ГЛАЗА, конечно же, глаза! Таких он не видел ни у одной из них! У тех девушек глаза были как у детских куколок «барби» — пустые мутные стекляшки, в которых лишь иногда загорались бледные огоньки при виде зеленых купюр, «шмоток» или дорогих машин, а у неё… Никитский подошел совсем близко к портрету, встав лицом к лицу — портрет был ростовой — так что его глаза отделяло от её всего сантиметров 20–30…

Боже, какие необыкновенные глаза! Глубокие, как бездонный колодец, ясные, как безоблачное небо, фиалковые полутона сочно переливаются при колеблющемся свете восковых свечей, но самое главное — искорки… Искорки света — солнечного или лунного —, какие всякий может увидеть на море, — так и плясали в томном фиалке её глаз — и за их танцем, как за самим морем, можно было бы наблюдать бесконечно… Никитский не помнил, сколько он стоял и смотрел в них, но в какой-то миг он подумал, что продал бы свою душу самому дьяволу, лишь бы эта девушка стала его, хотя бы на одну ночь!

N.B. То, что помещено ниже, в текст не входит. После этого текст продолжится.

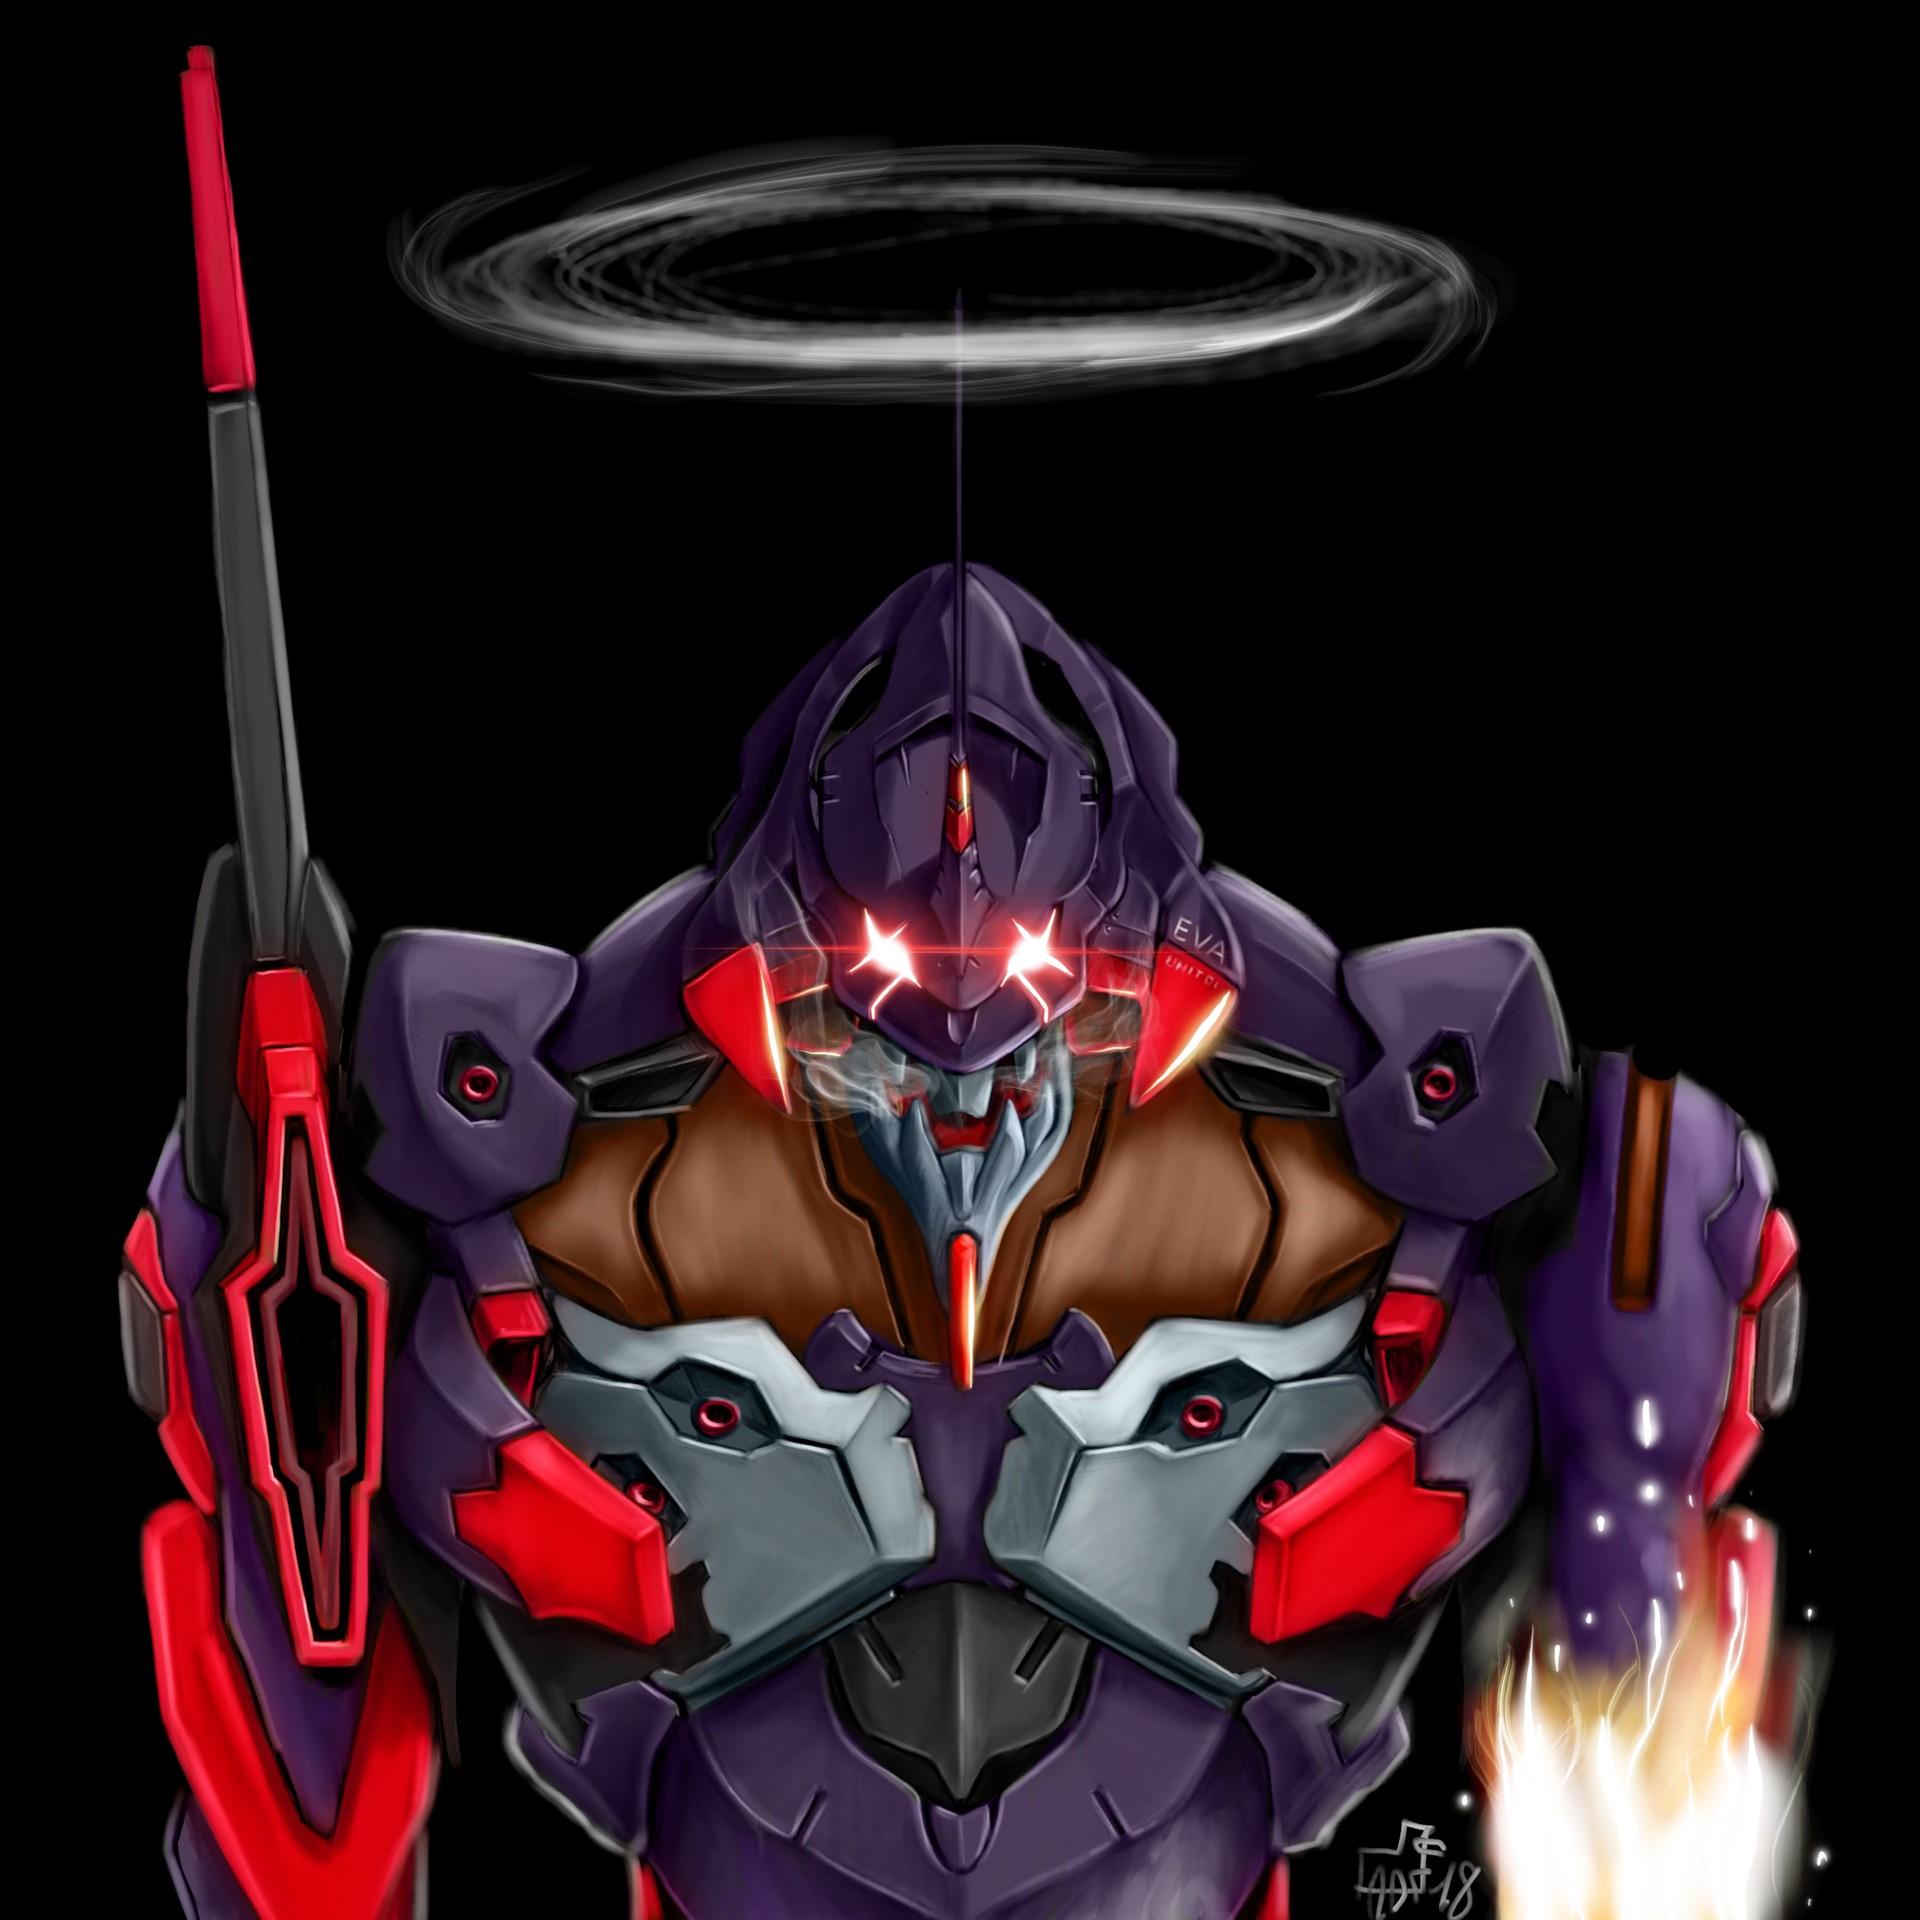 Evangelion Eva 01 Berserk

Не успел он об этом подумать, как вдруг отчетливо ощутил пряный аромат лесных цветов вокруг себя, дыхание свежего летнего ветерка, кряканье уток, шелест листвы… Глаза у Никитского буквально полезли на лоб — КАРТИНА ОЖИЛА! Как в кино, когда кусок белого полотна в зале вдруг оживает при выключенном свете и показывает нам движущиеся фигурки, лица, пейзажи, так и здесь — картина наполнилась жизнью. Утки в нарисованном пруду крякали и плавали, ветер развевал алые атласные ленточки на соломенной шляпке и шевелил складки белоснежной кружевной юбки-купола, а также флажки с таинственными знаками на полотнищах, что реяли на башнях розового замка. Разница состояла лишь в том, что в кино мы видим только изображения, а здесь чувствовался и запах, и ощущения, в кино мы не можем вступить в общение с персонажами, изменить линию их поведения, а здесь…

— … Ты хотел обладать мною, князь среди смертных? — раздался необыкновенно мягкий, мелодичный голос по ту сторону рамы и девушка соблазнительно улыбнулась. Никитский физически уже не мог отвести взгляда от её фиалковых глаз, они буравили его, не отпускали, они видели его насквозь и знали о нем все, даже то, чего, казалось, не знал и он сам… — Это возможно… Как там говорил один выскочка из Назарета? «Все возможно верующему», а-ха-ха-ха-ха! — мелодичные колокольчики зазвенели в ушах Никитского и от их сладостной музыки пламень вожделения стал просто непреодолим. Он инстинктивно чувствовал, что он уже перешел грань между жизнью и смертью одной ногой, но также он понимал, что переступит через неё и второй ногой с такой же неизбежностью, как кролик попадет в пасть загипнотизировавшей его змеи или муха, угодившая в сеть, на обед к пауку. Никитский смутно помнил, что «Назарет» — это что-то очень и очень важное, что стоит только вспомнить, что же точно означает это слово, может, он и получит шанс на спасение, но… Вспоминать не хотелось! «Да!» — говорило его сердце, «да!» — вторила ему плоть, — «пусть будет смерть, пусть будет все что угодно, только бы получить ЕЁ, только бы получить!» — и отравленный страстью мозг с неизбежностью тоже сказал свое вялое «да»… И как только это произошло, девушка вдруг размахнулась и бросила прямо в него свои цветы из лукошка, громко прокричав какие-то слова на незнакомом языке — гортанном, в котором почти каждое второе слово состояло из шипящих звуков. Что-то щелкнуло и солнечный свет из картины теперь уже бил в спальню Никитского, как если бы тот стоял напротив раскрытого на улицу окна… А потом девушка просто перешагнула через раму и оказалась в комнате прямо перед Никитским, в шляпке, в платьице, точь-в-точь как на портрете, таким же образом, как если бы некая шаловливая гостья решила зайти в комнату, расположенную на первом этаже, непосредственно через открытое по случаю летней жары окно.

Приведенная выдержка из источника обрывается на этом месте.